Besides the social pressures, there were very practical challenges in the form of high medical expenses. Mbuli remembers her grandmother having to find an extra R1,000 a month to pay for specialists and extras like sunscreen with no outside help.

"There hasn't been any official support that I recall ever receiving from government or the state or anything. I grew up with my grandmother, my parents passed away young, and she was on a pension grant and she had to take me to an eye specialist and to a dermatologist. All these things that cost a lot of money, and she knew nothing about the condition and she didn't have any information about it.

"It was a learning process… painful mistakes could have been avoided if more resources and information was available."

Mbuli says although we know a lot more about Albinism in 2016, the regularity with which she encounters misconceptions is a great cause of frustration. From the archaic belief that those with Albinism have magical powers to the mistaken belief that it is a separate race.

"I've had a lot of people in the past identifying my race as being 'Albino' which I find wrong on so many levels. And it's things like that that I really don't appreciate and also being called 'Albino' is not something that I accept or like. I'd rather have you say I'm a person living with Albinism - it's a condition I have it, it's not who I am.

Mbuli says the misinformation which persist is only partly due to a lack of information or assistance from governments on the continent. She says people with Albinism themselves need to speak up to help dispel common misconceptions.

According to the Albinism Society of South Africa (ASSA), not all people with the condition qualify for financial assistance from the state.

ASSA estimates there are around 35,000 people living with Albinism in South Africa and that according to the latest research, which is over a decade old, it affects ¼,000 black South Africans.

The organisation's Nompumelelo Mazibuko says although there is some support from government, more needs to be done.

"There still a need to have policy amended to accommodate issues of discrimination [and of] Albinism as a disability," she told Eyewitness News via email.

The problem is also that different individuals require varying degrees of support, as sight problems range from slight to extreme. This means more consideration towards children with Albinism in schools, affordable eye care. Sunscreen should also be listed on the essential drug list, since children with Albinism are at severe risk of skin cancer.

Having completed a BSc Chemistry degree at the University of Cape Town, Mbuli is now pursuing a career in radio broadcasting. But it's no coincidence that she has ended up in the public domain. Instead of hiding from the world, she says she made the decision to face it head-on. She hopes that through talking about Albinism she can help raise awareness to combat stigma and boost support for the next generation of people with the condition.

"Vulnerability is not an easy thing, because talking about a condition that you live with every day is not an easy thing to do, but it really is important that people with Albinism themselves start being part of the conversation.

"But also, government needs to meet us halfway by providing resources for people to find more information about Albinism, especially in South Africa."

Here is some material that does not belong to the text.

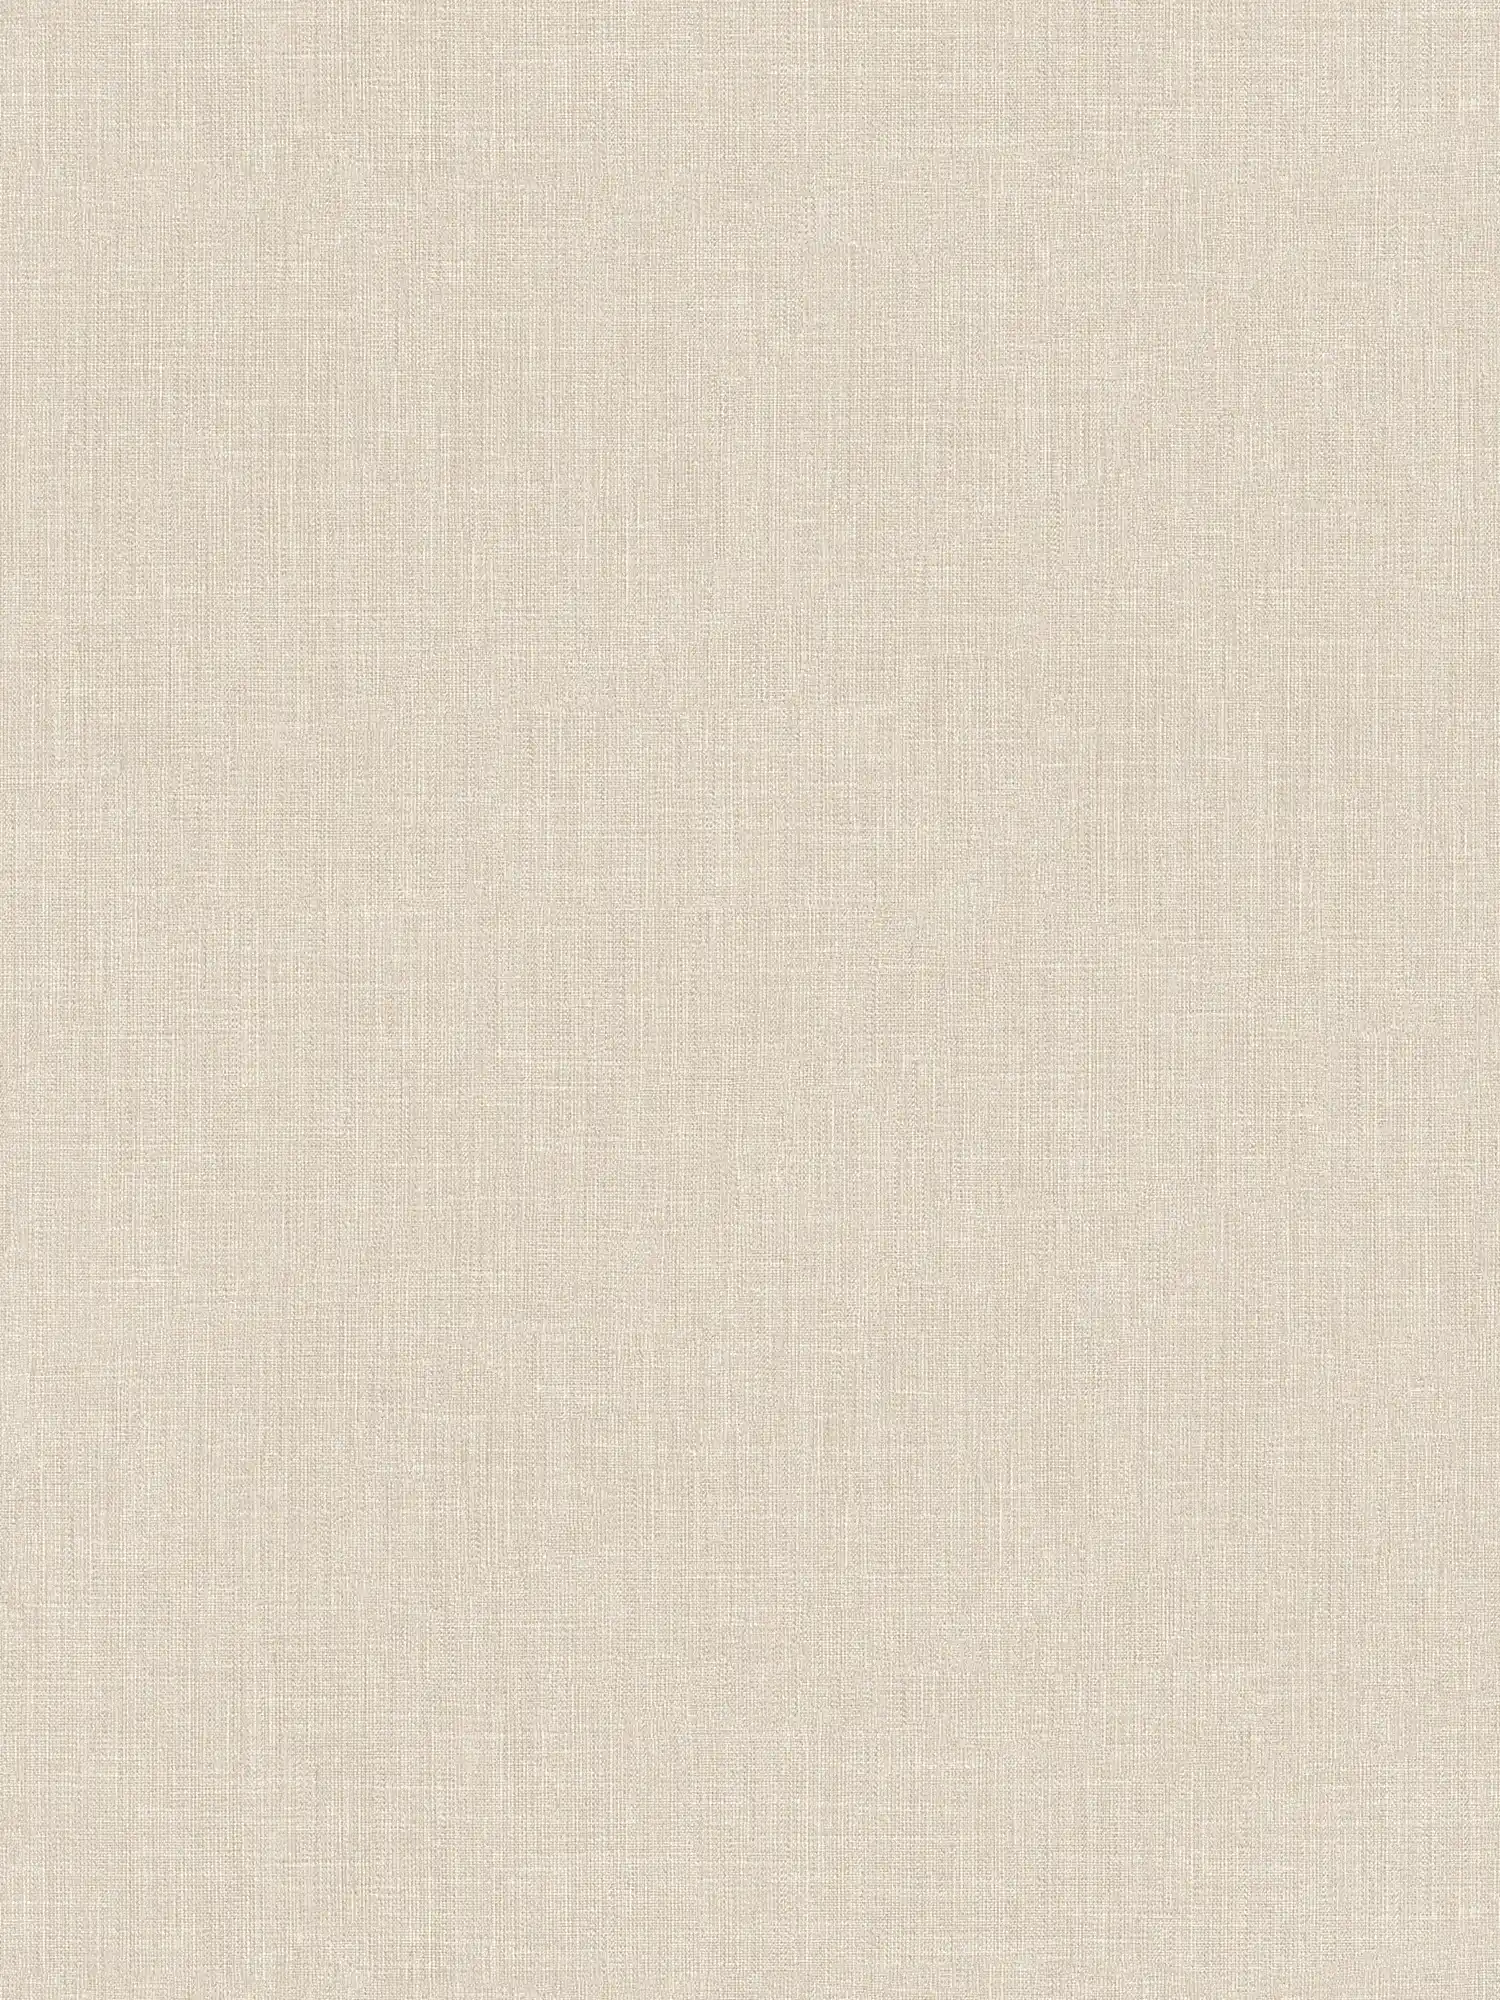 Non-woven wallpaper beige mottled linen look & textile texture
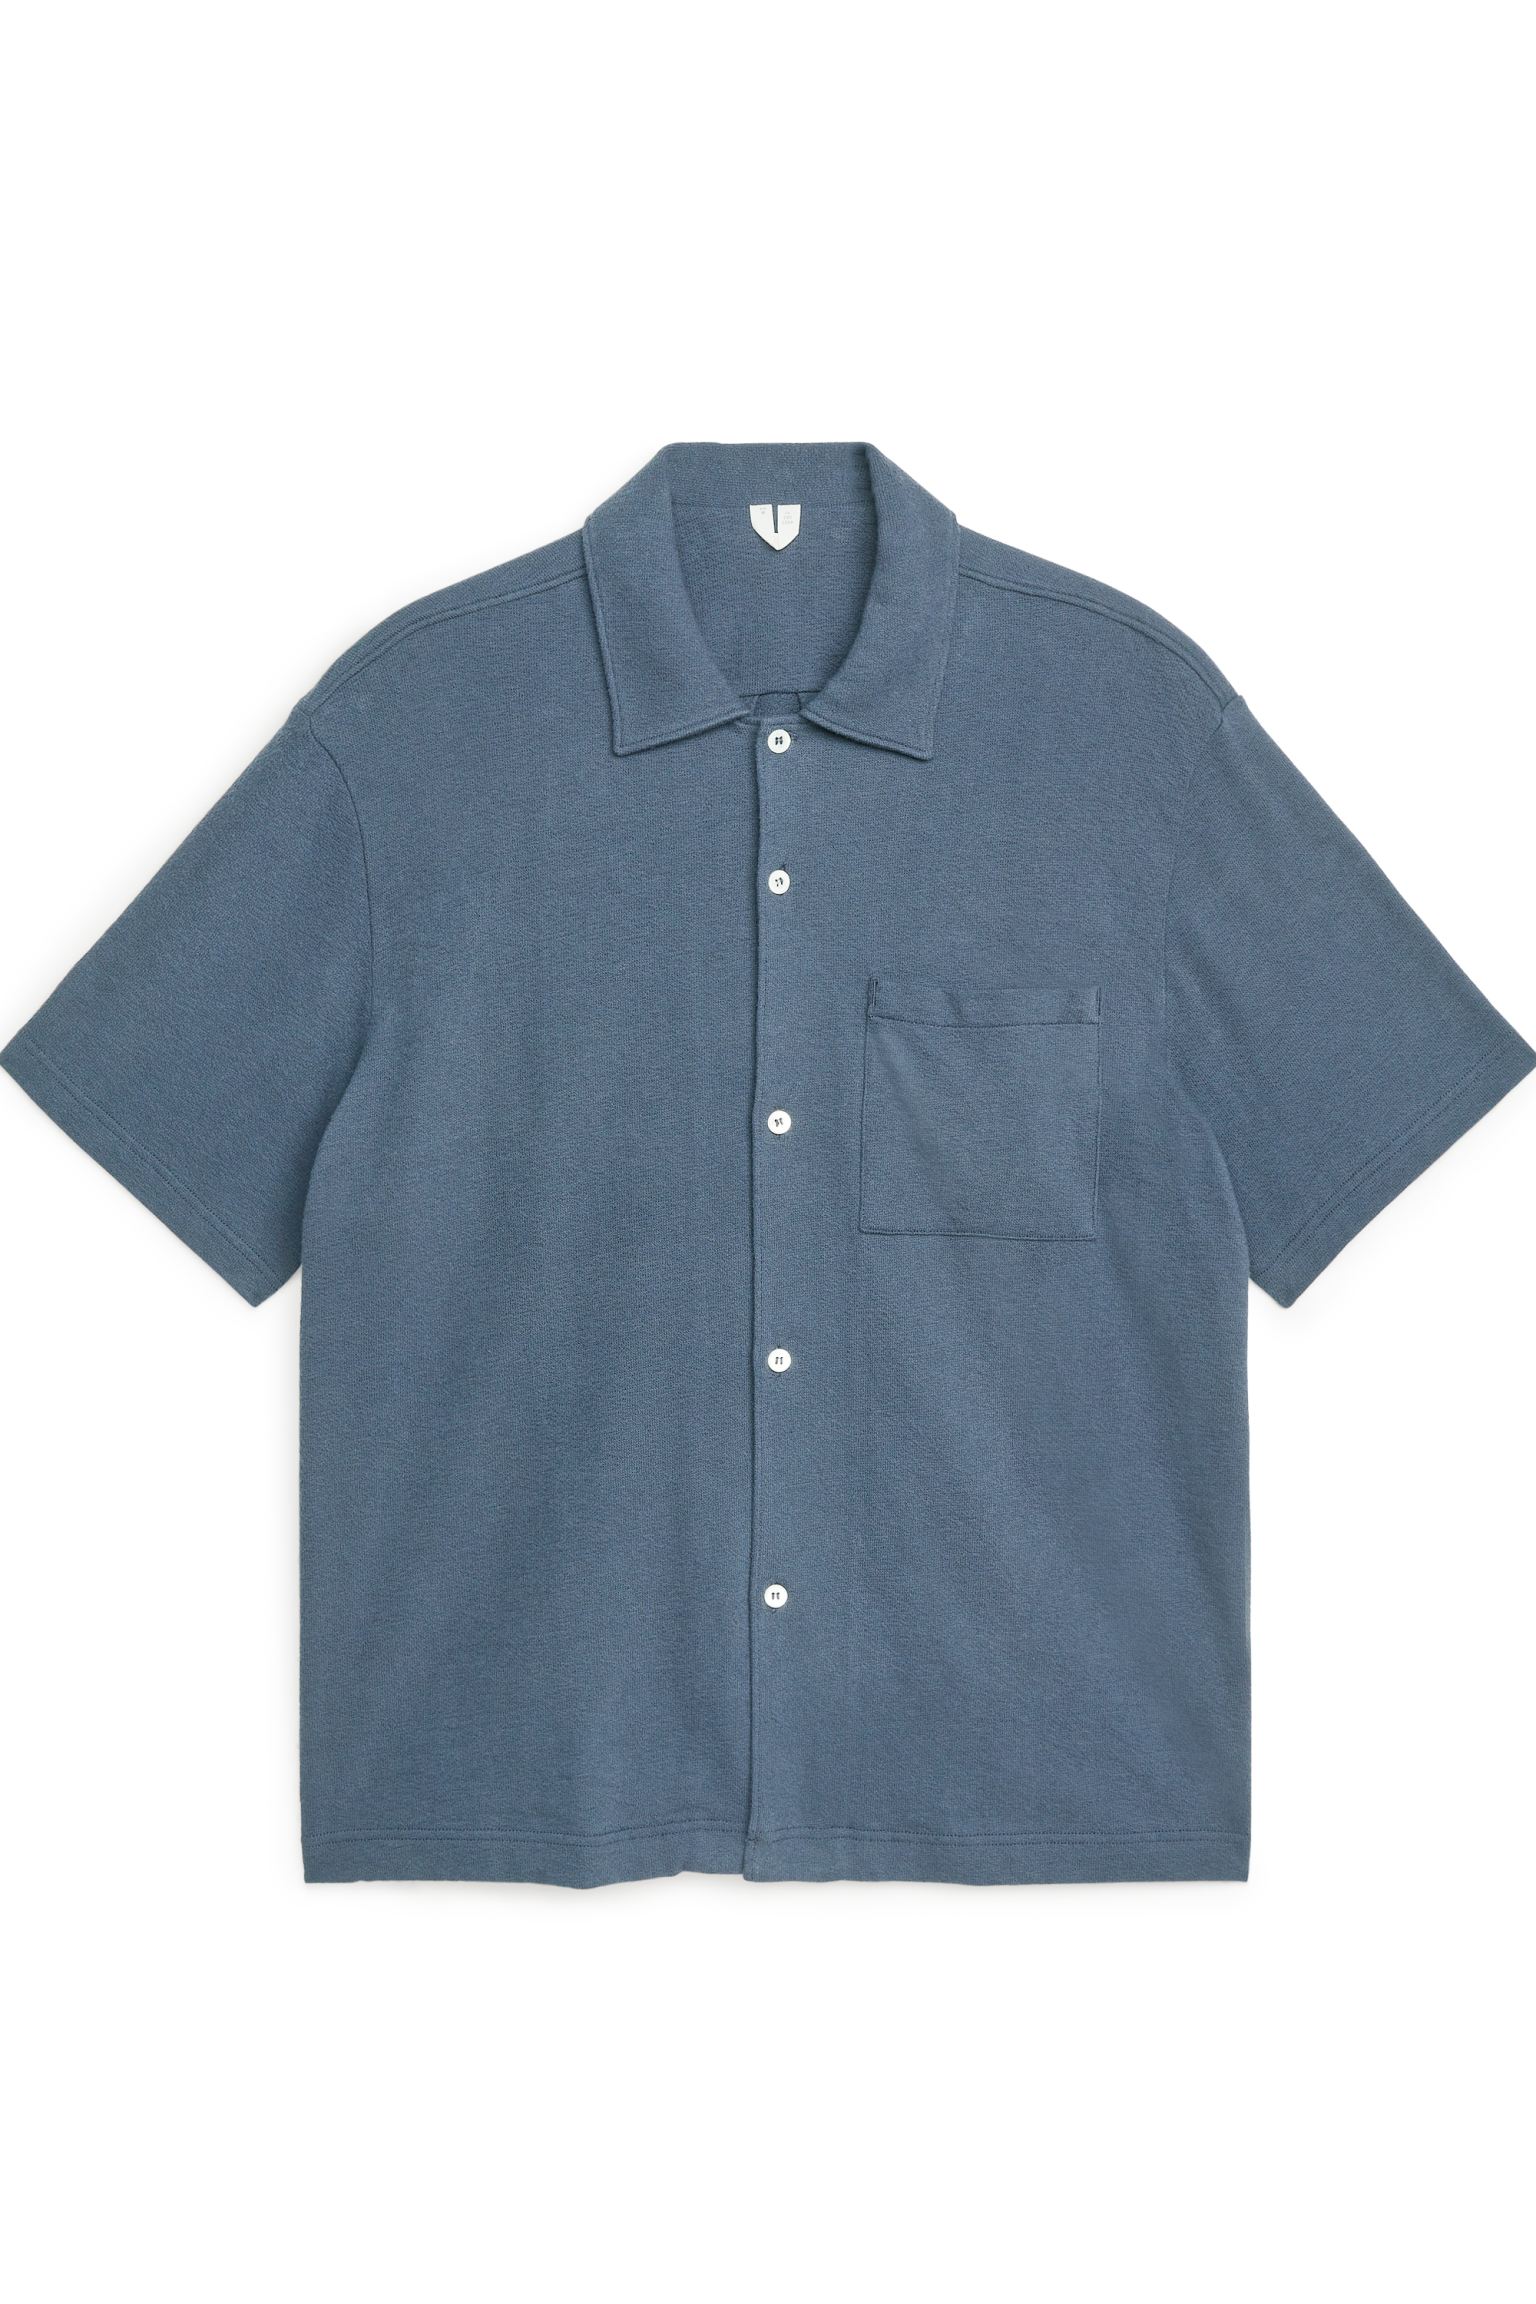 Рубашка мужская ARKET 989229008 синяя M (доставка из-за рубежа)

Mbuli has overcome a barrage of challenges to find her feet and embrace her identity. But even though Stellenbosch is a long way from King William's Town, she is at times frustrated when the same misconceptions and ideas keep on cropping up.

However, she refuses to be defined by other people's ideas about her.

"And that's the main thing, I'm Siphosethu Mbuli - I have interests and hobbies and friends, I do things, and down the line you can mention that I have this condition. So it's not a defining factor, it's something that I have. The defining characteristic of who I am can't be a condition."